> [TASK ITEM]
Everything in the listing below has to be repeated exactly, except the pictures.

> [SOURCE DATA]
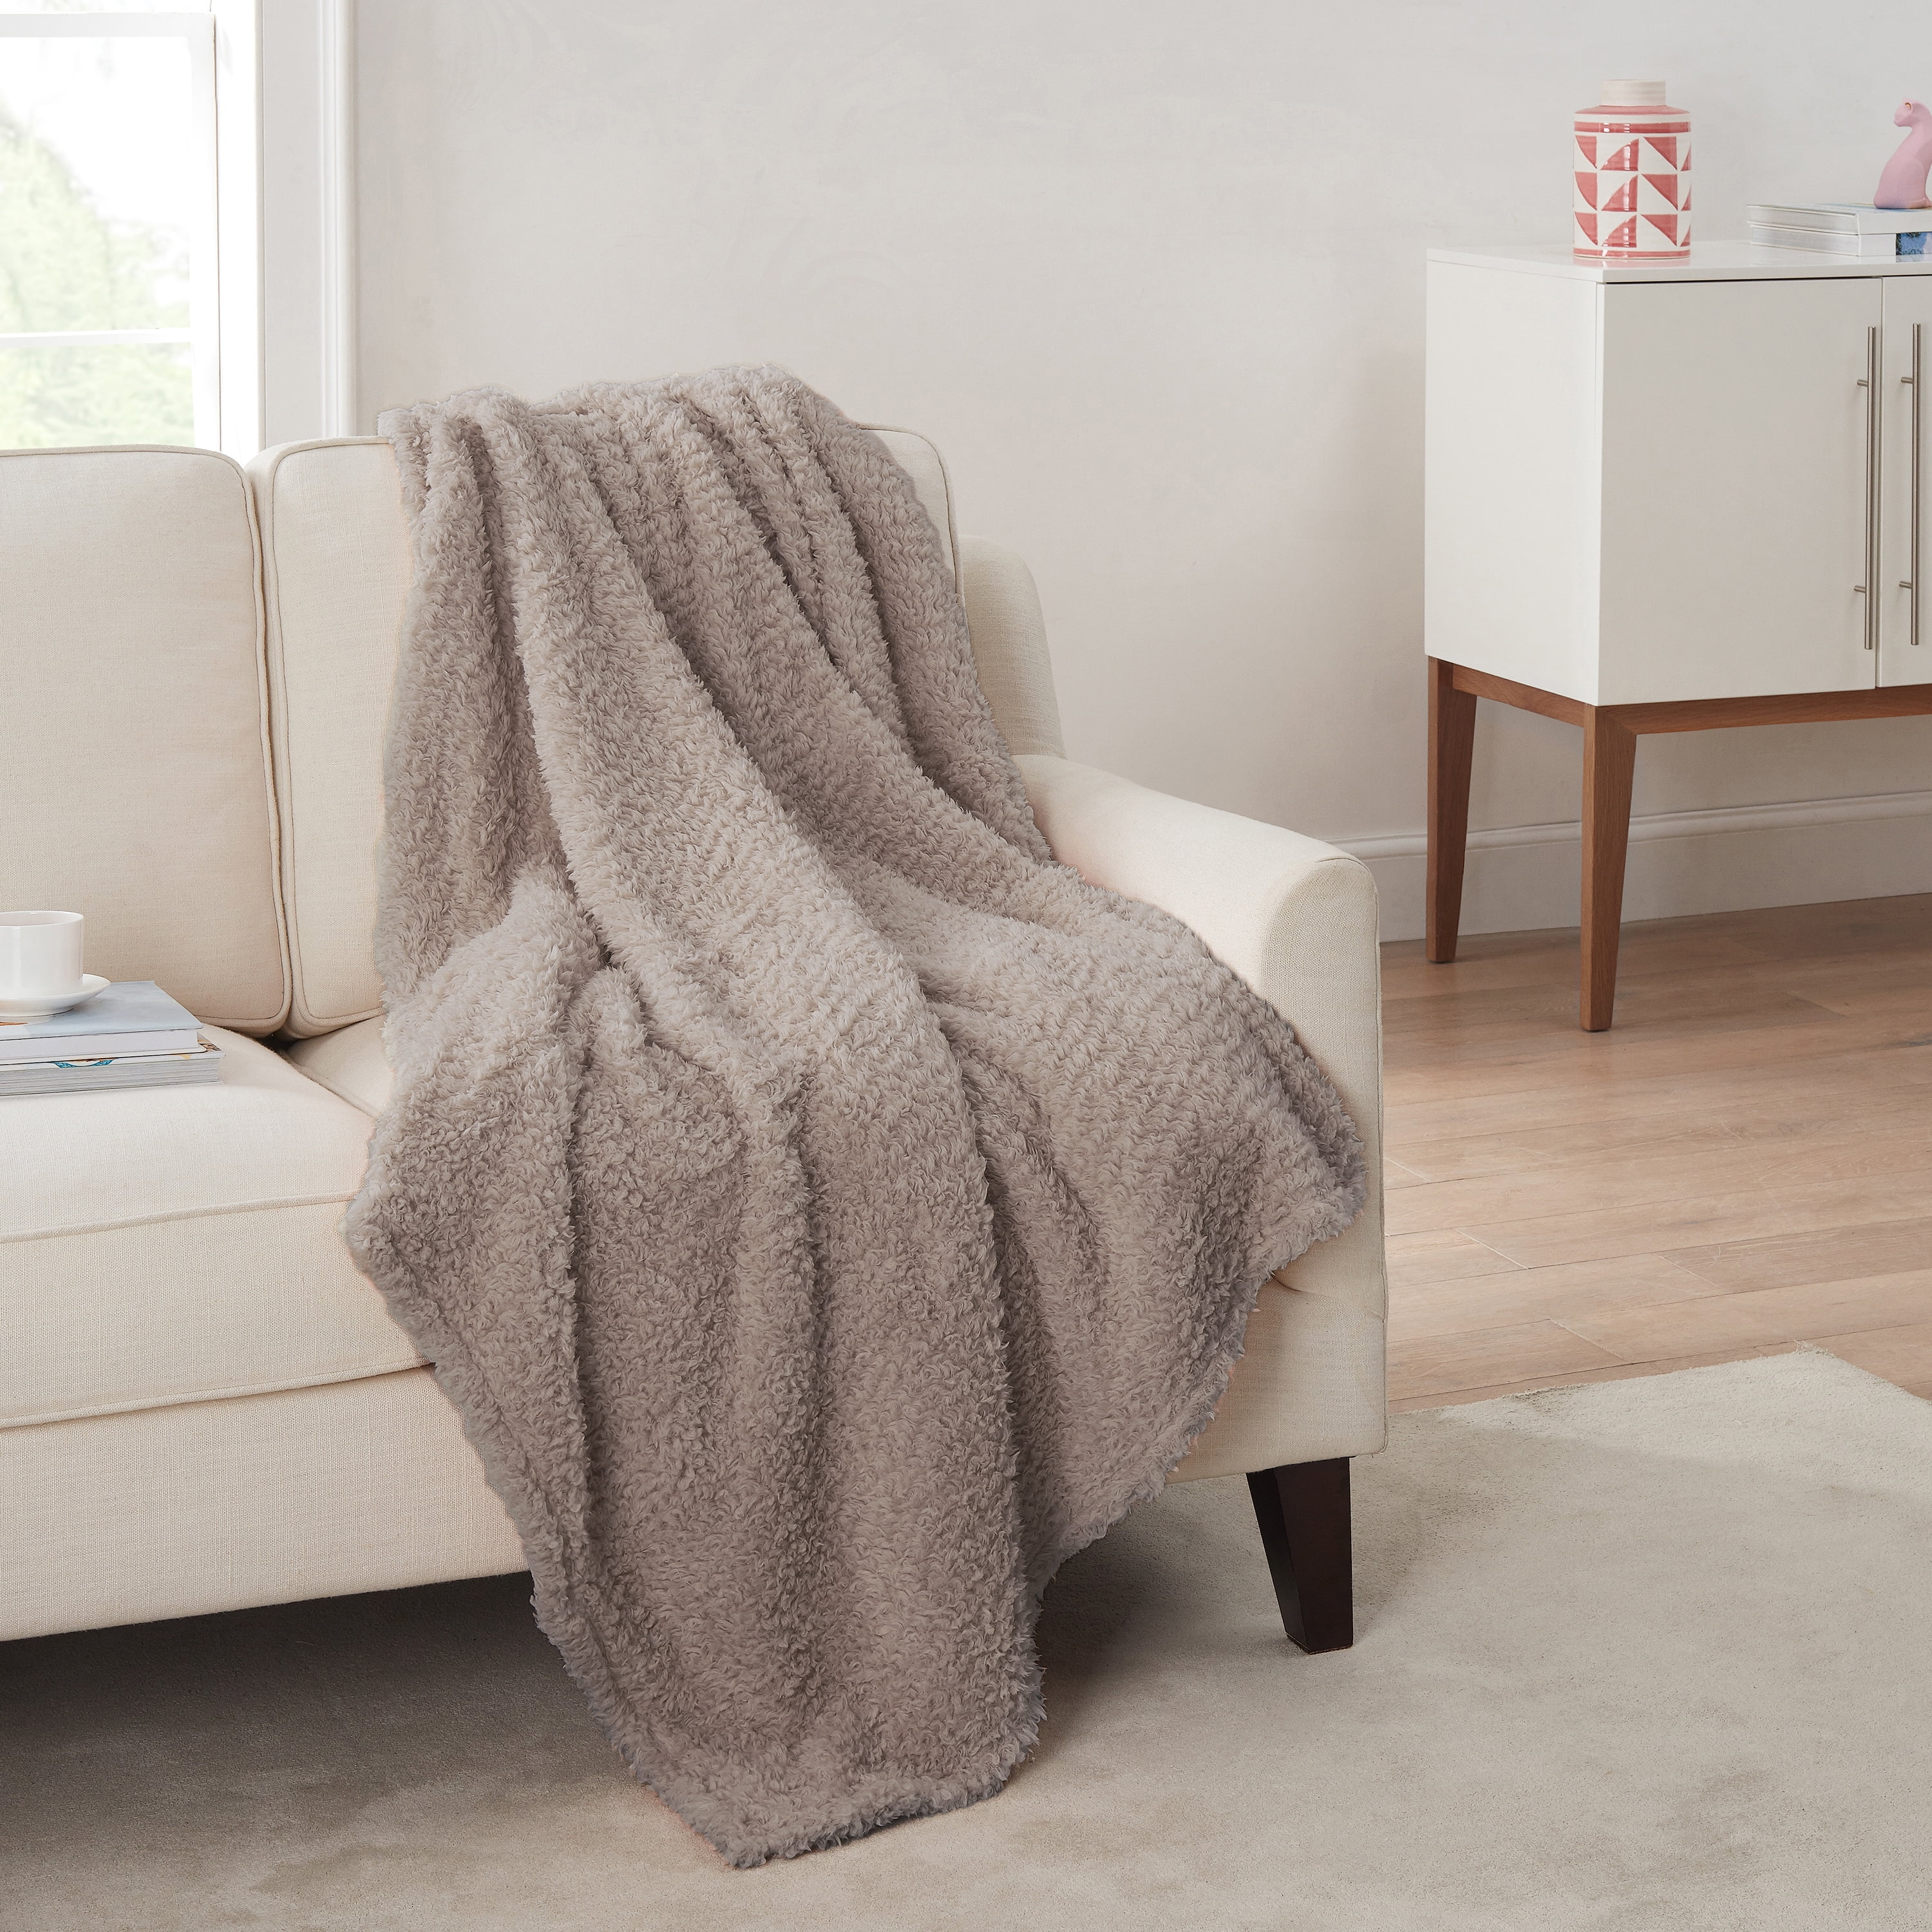 Mainstays Sherpa Throw Blanket 50 X 60, Taupe 
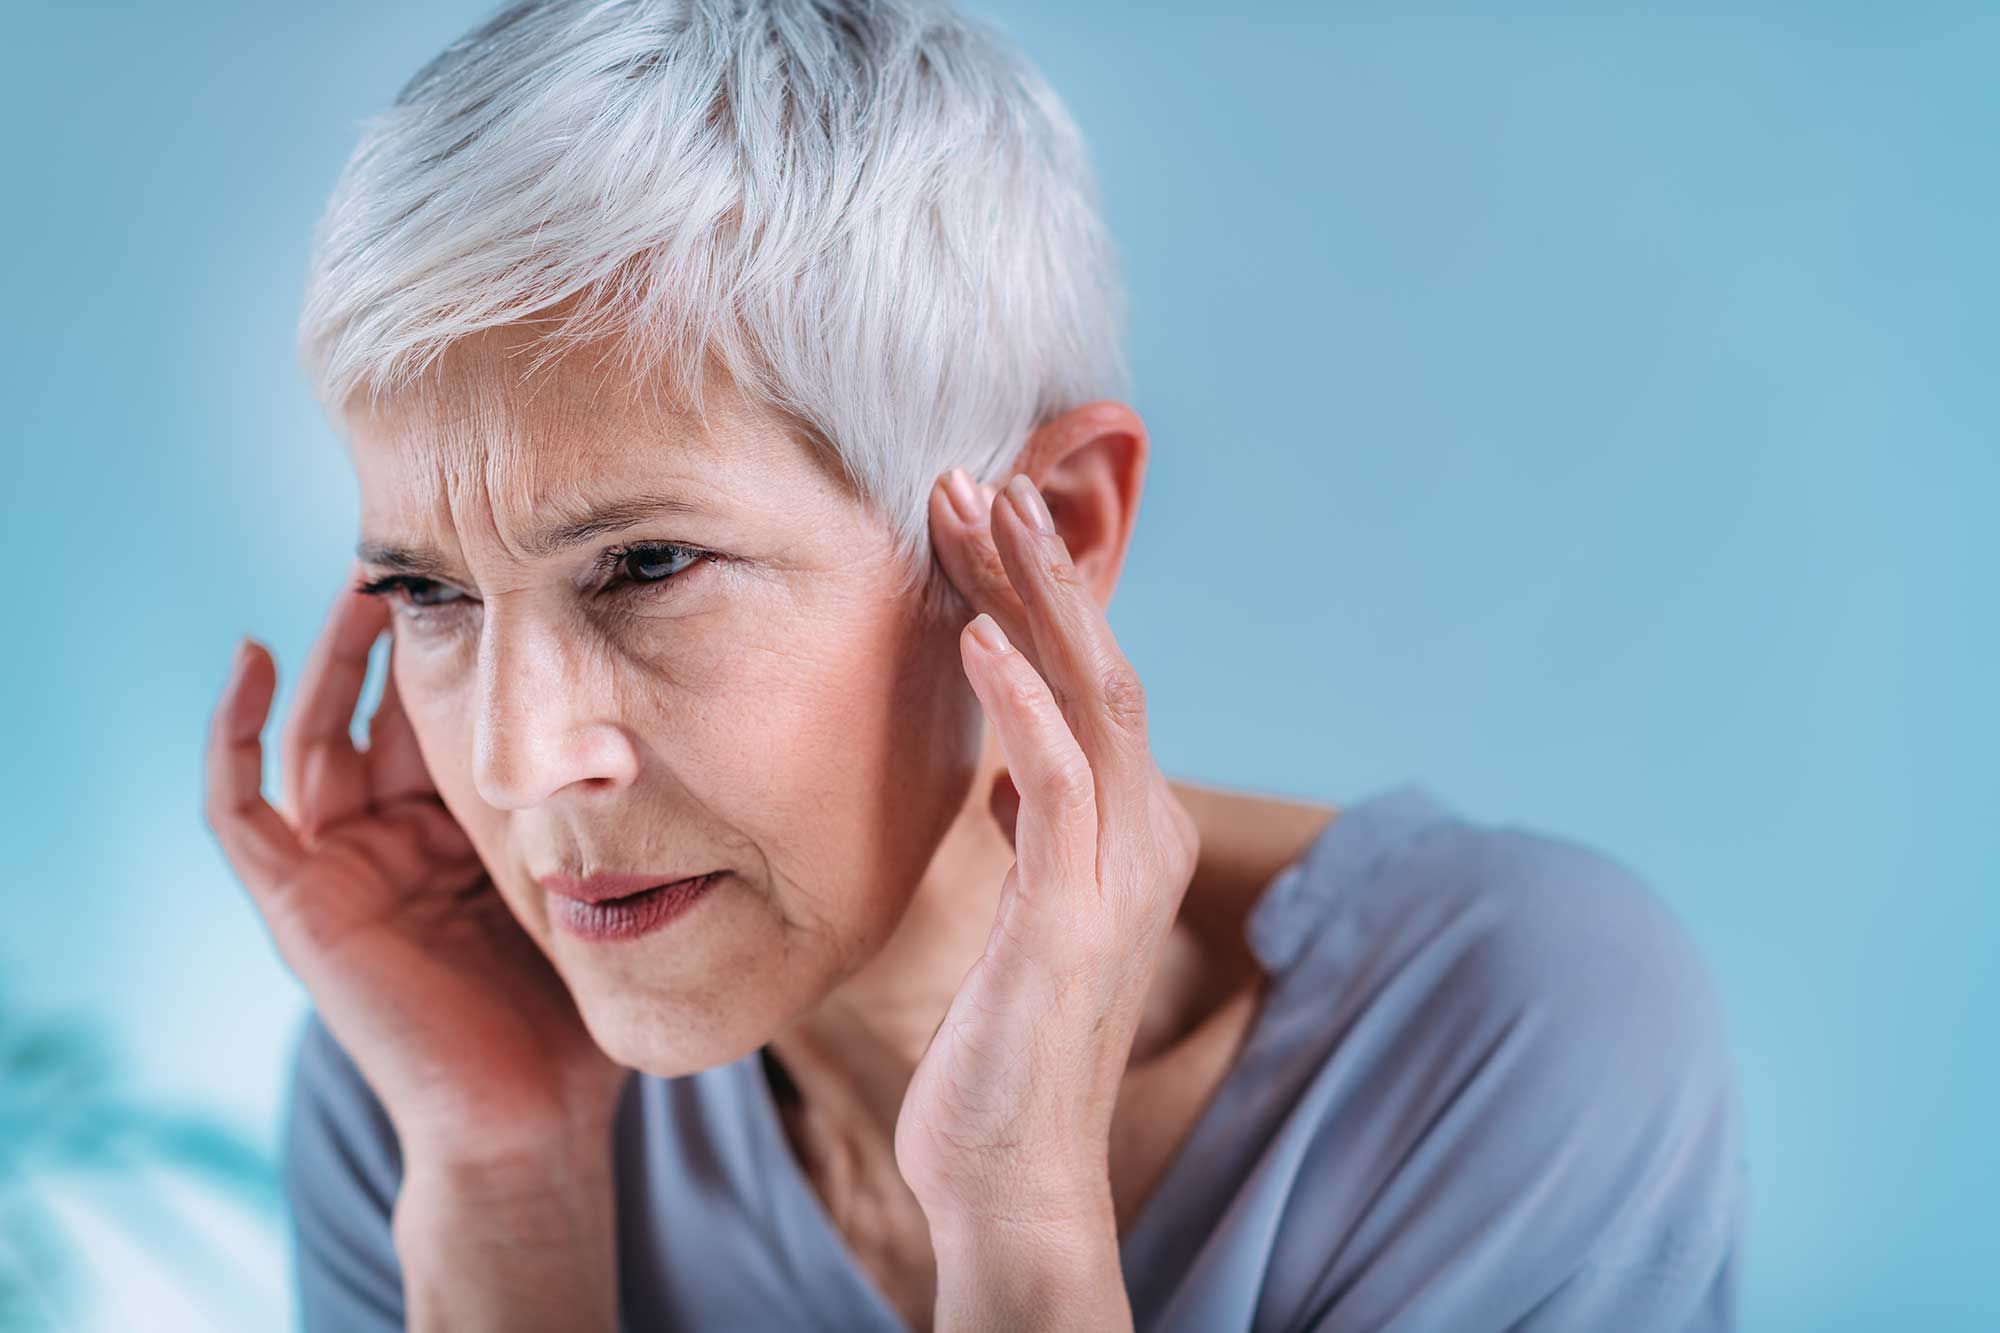 A Women Troubled with Tinnitus
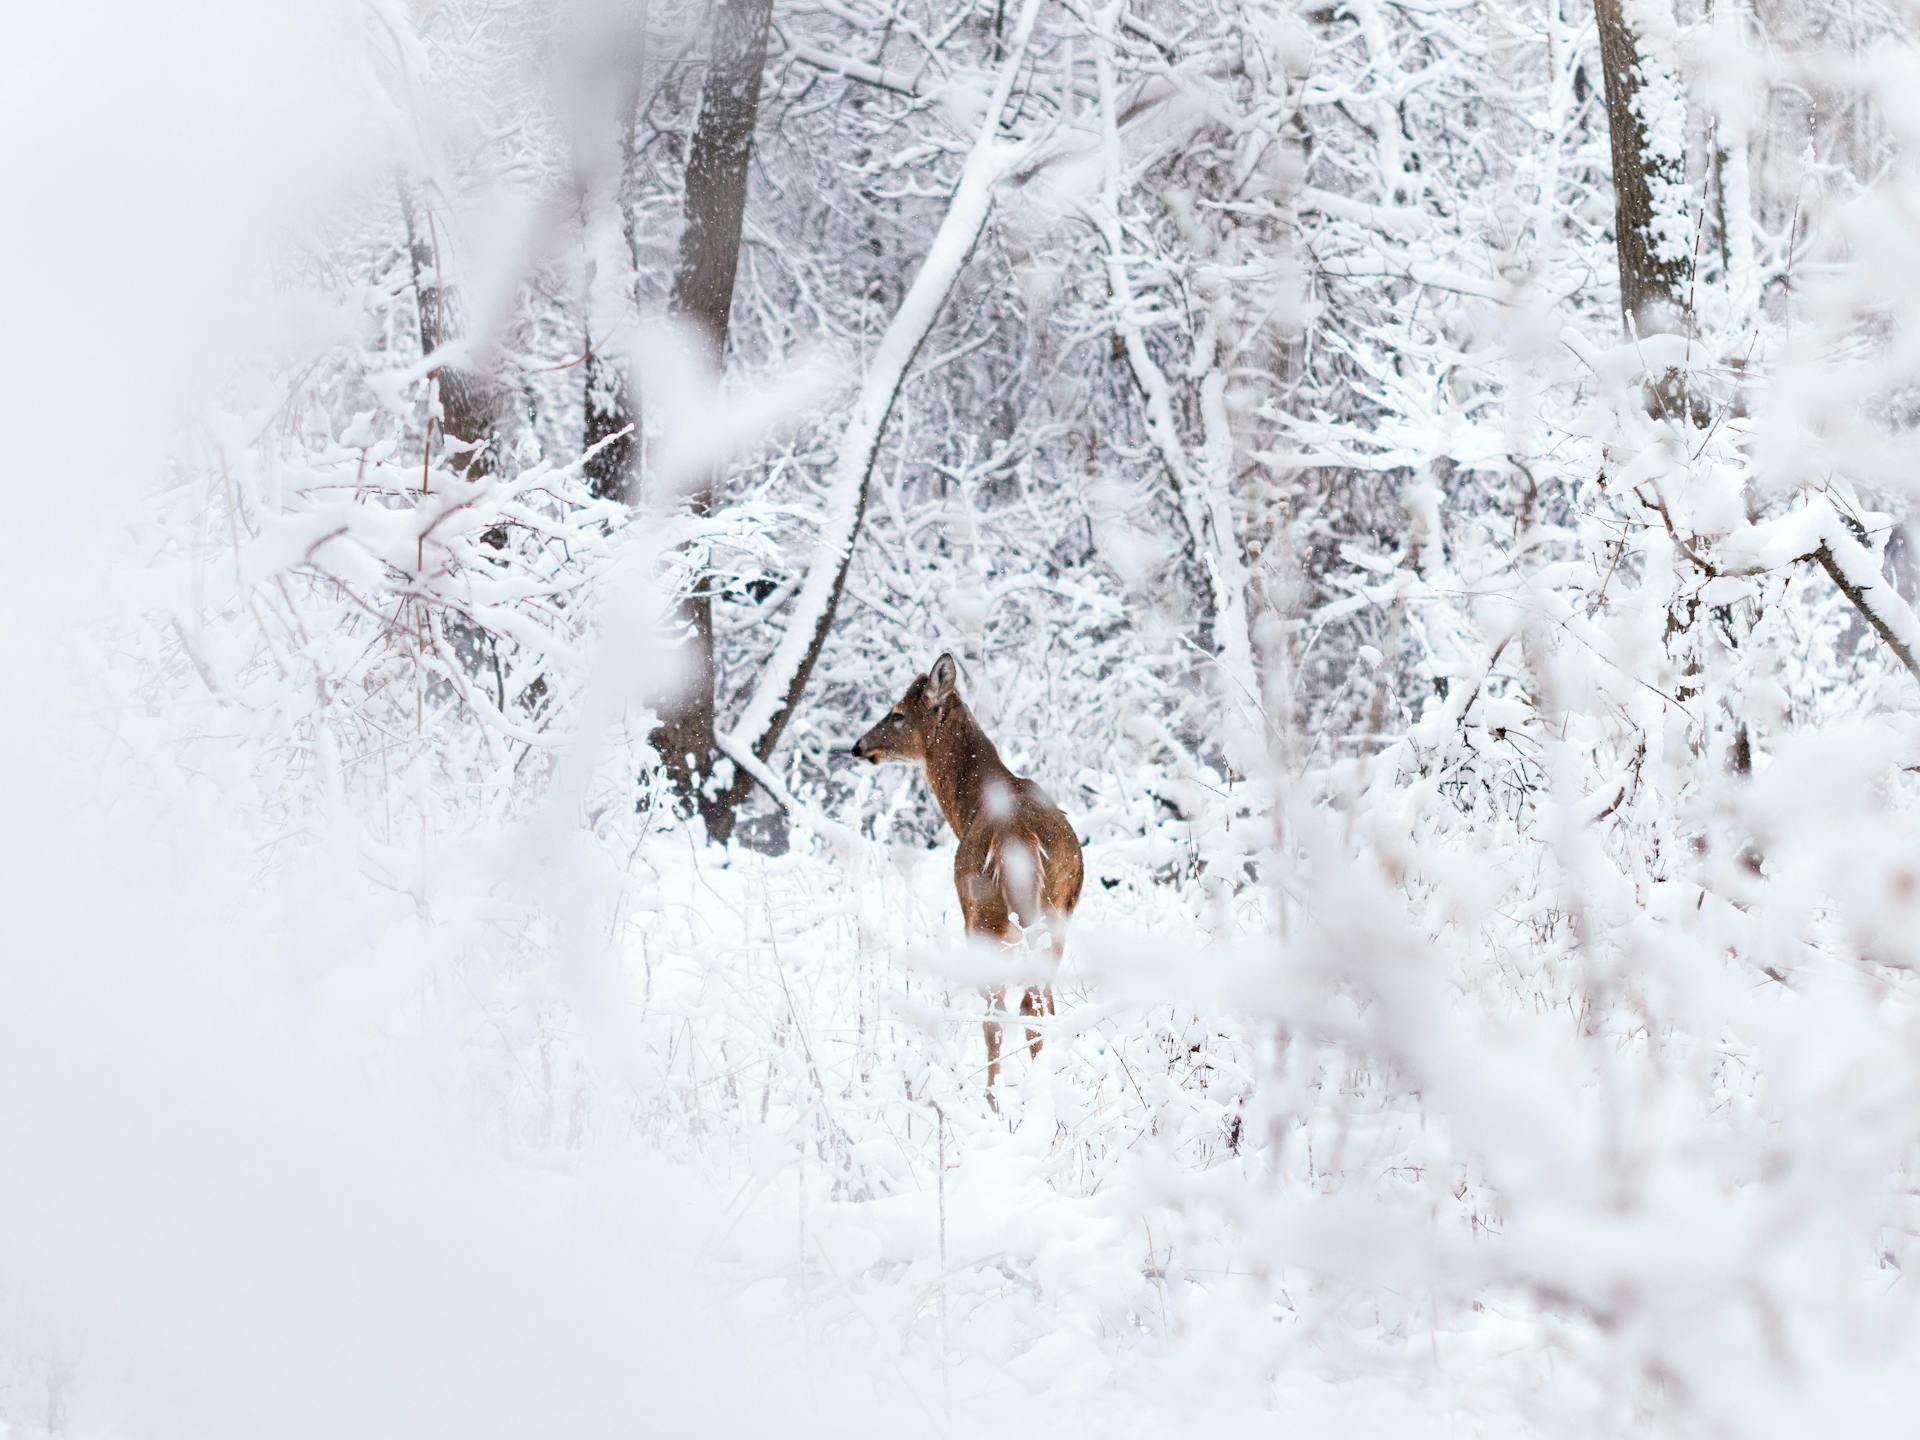 Deer spotted in woods during winter in Alagna Valsesia

> [TASK ANSWER]
 Mainstays Sherpa Throw Blanket 50 X 60, Taupe 
 A Women Troubled with Tinnitus
 Deer spotted in woods during winter in Alagna Valsesia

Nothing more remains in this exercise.